# Task brief:
Only the lines from the one containing "A no 390 bus" through the end of the data below are to be repeated, exactly as given, without pictures.

# Material provided:
————————
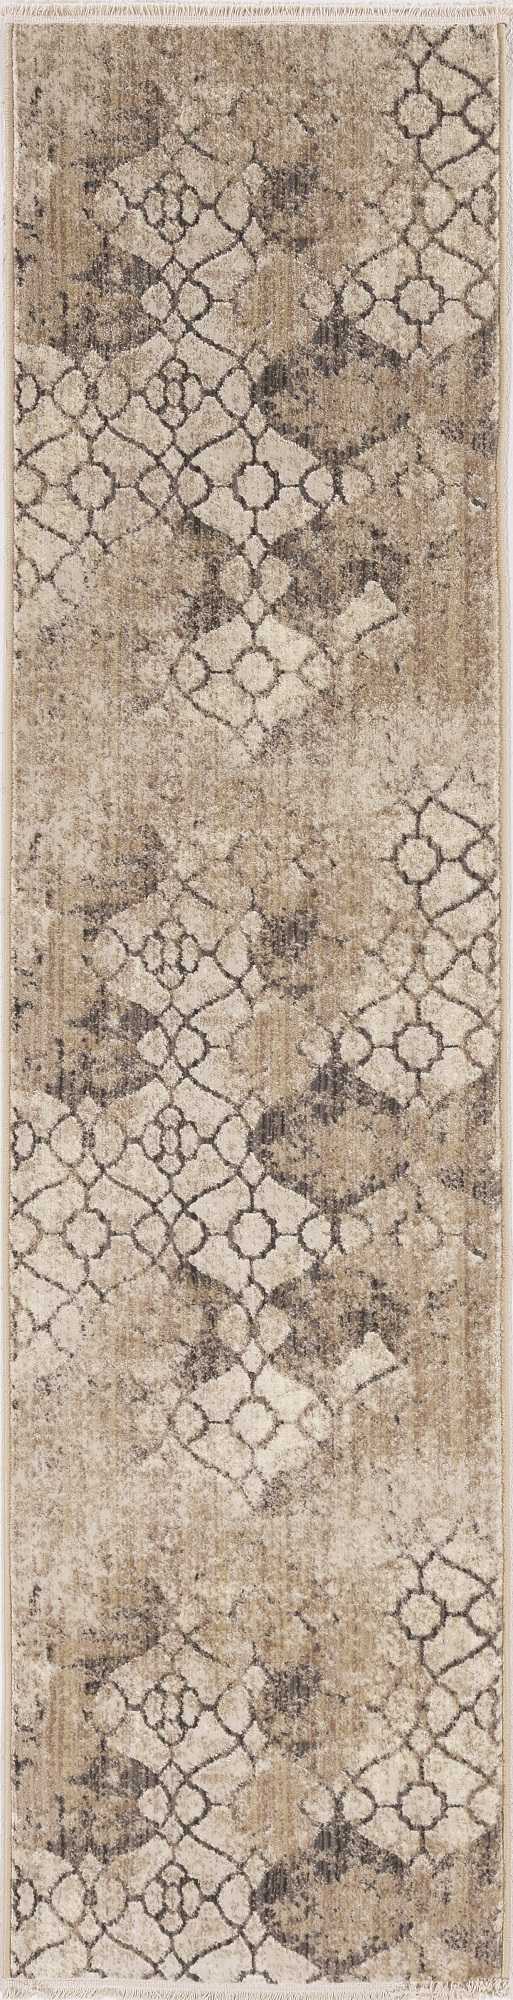 Cheap Rugs For Sale - 108" X 144" X 0.'5" Ivory Polypropylene Rug
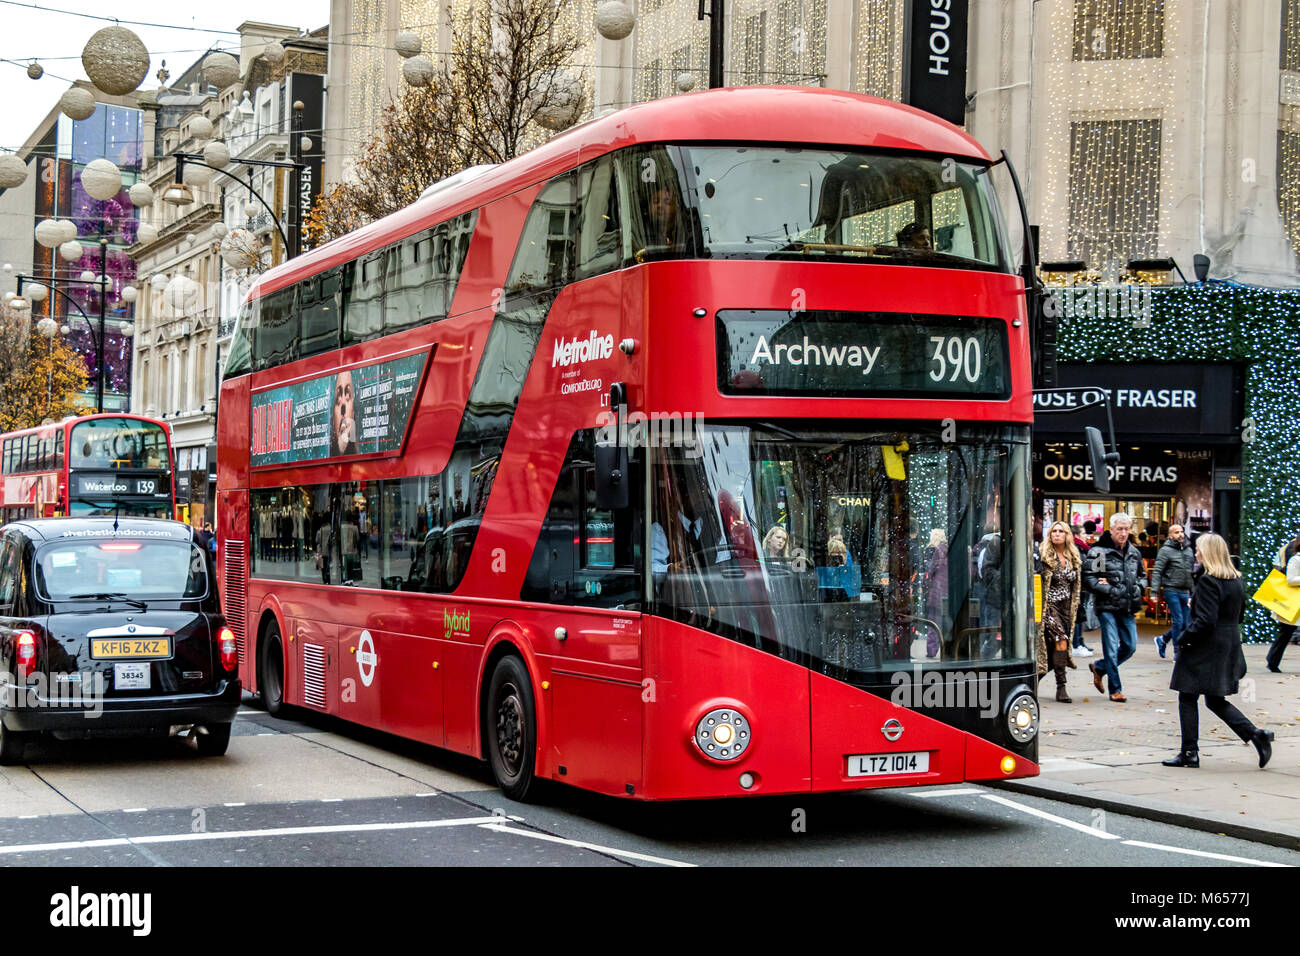 A no 390 bus on it's way to Archway on London's Oxford Street, London, UK Stock Photo
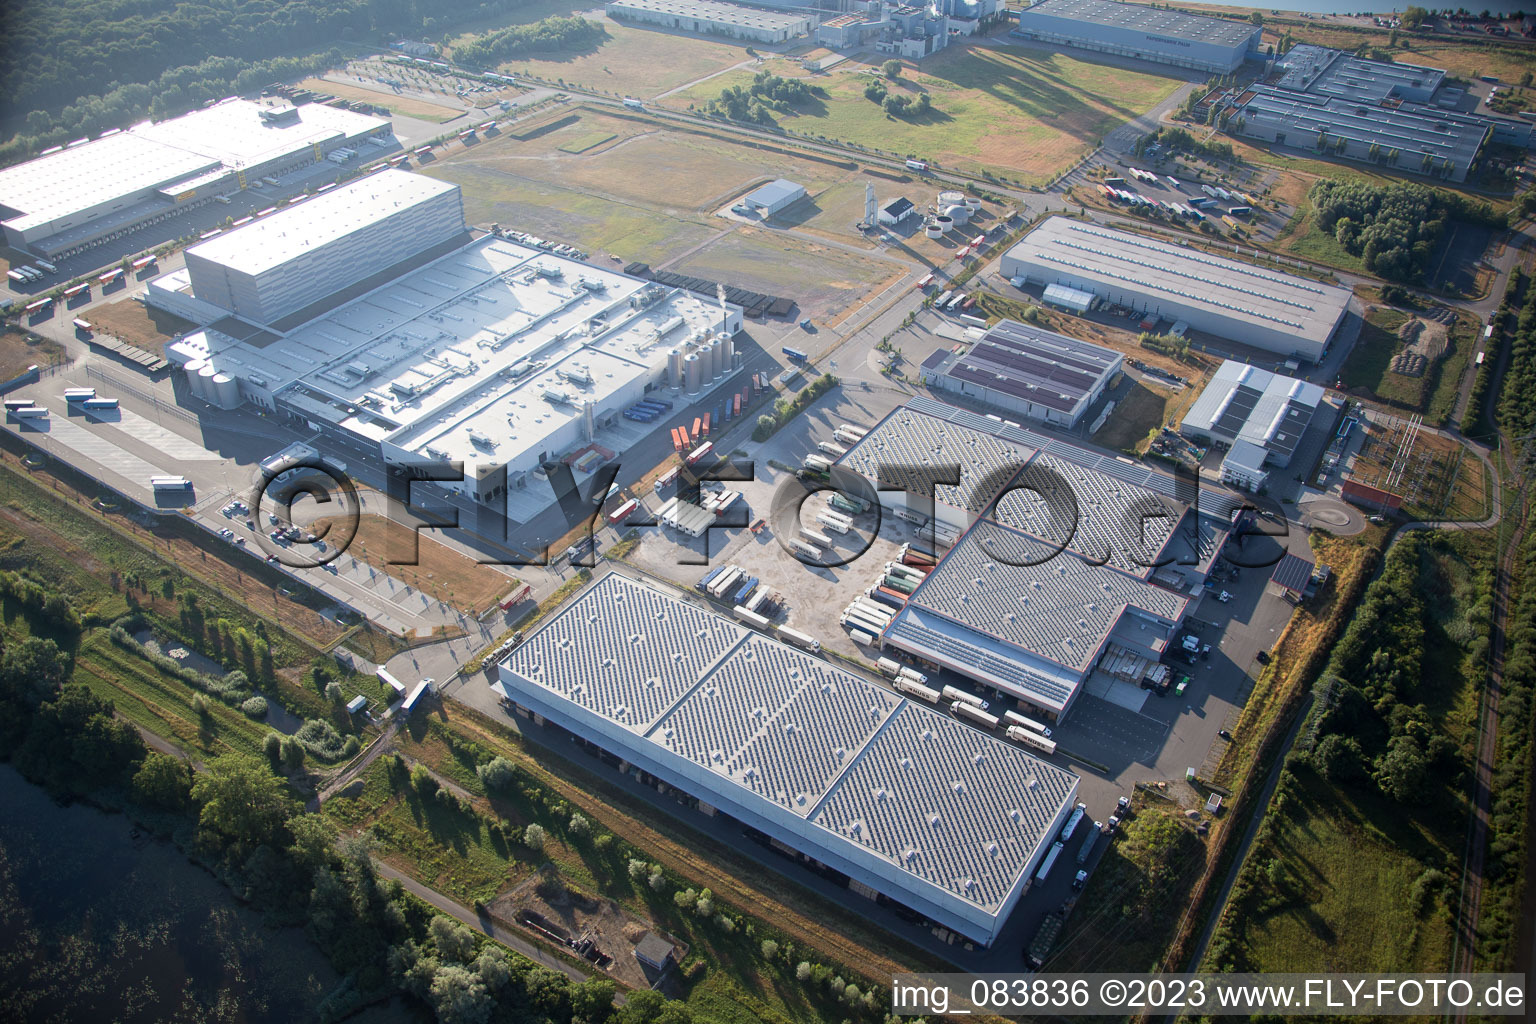 Oberwald industrial area in Wörth am Rhein in the state Rhineland-Palatinate, Germany from a drone
————————
# Exercise result:
 A no 390 bus on it's way to Archway on London's Oxford Street, London, UK Stock Photo
 Oberwald industrial area in Wörth am Rhein in the state Rhineland-Palatinate, Germany from a drone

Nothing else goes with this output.